Restate word for word the entries below, starting with the line with "Warframe Clan Emblem" and continuing through the line with "Linux Shopping Bag". Include both of those lines and no others.

═══ Task material ═══

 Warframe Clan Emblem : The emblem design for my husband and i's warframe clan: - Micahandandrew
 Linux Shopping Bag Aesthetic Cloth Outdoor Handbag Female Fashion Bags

═══
═══ Task material ═══

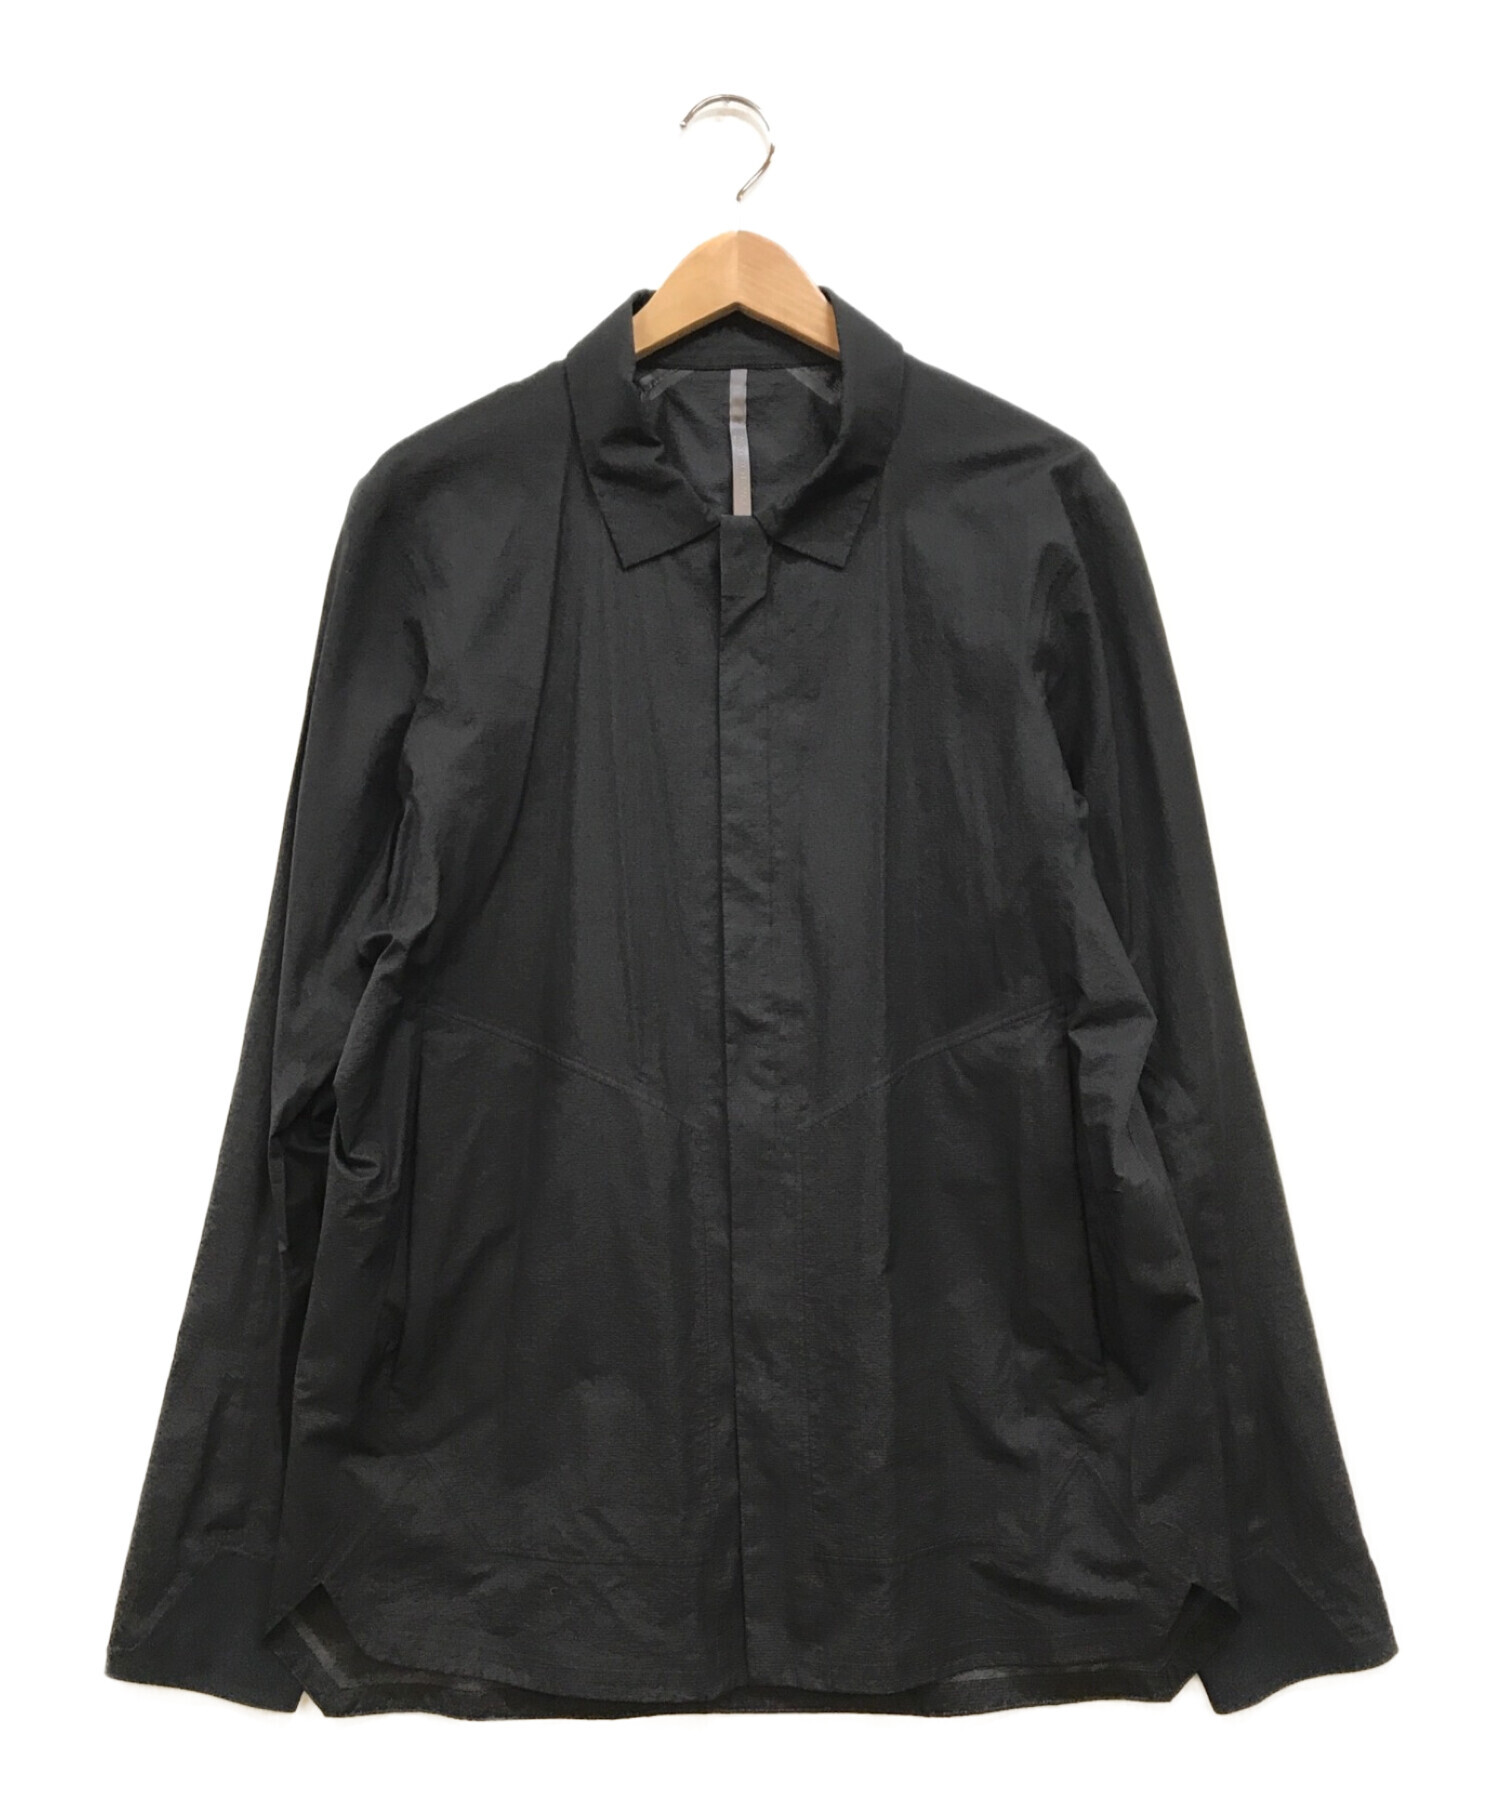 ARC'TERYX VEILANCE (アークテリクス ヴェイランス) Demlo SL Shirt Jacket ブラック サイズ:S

═══

▸ Exercise result
 Warframe Clan Emblem : The emblem design for my husband and i's warframe clan: - Micahandandrew
 Linux Shopping Bag Aesthetic Cloth Outdoor Handbag Female Fashion Bags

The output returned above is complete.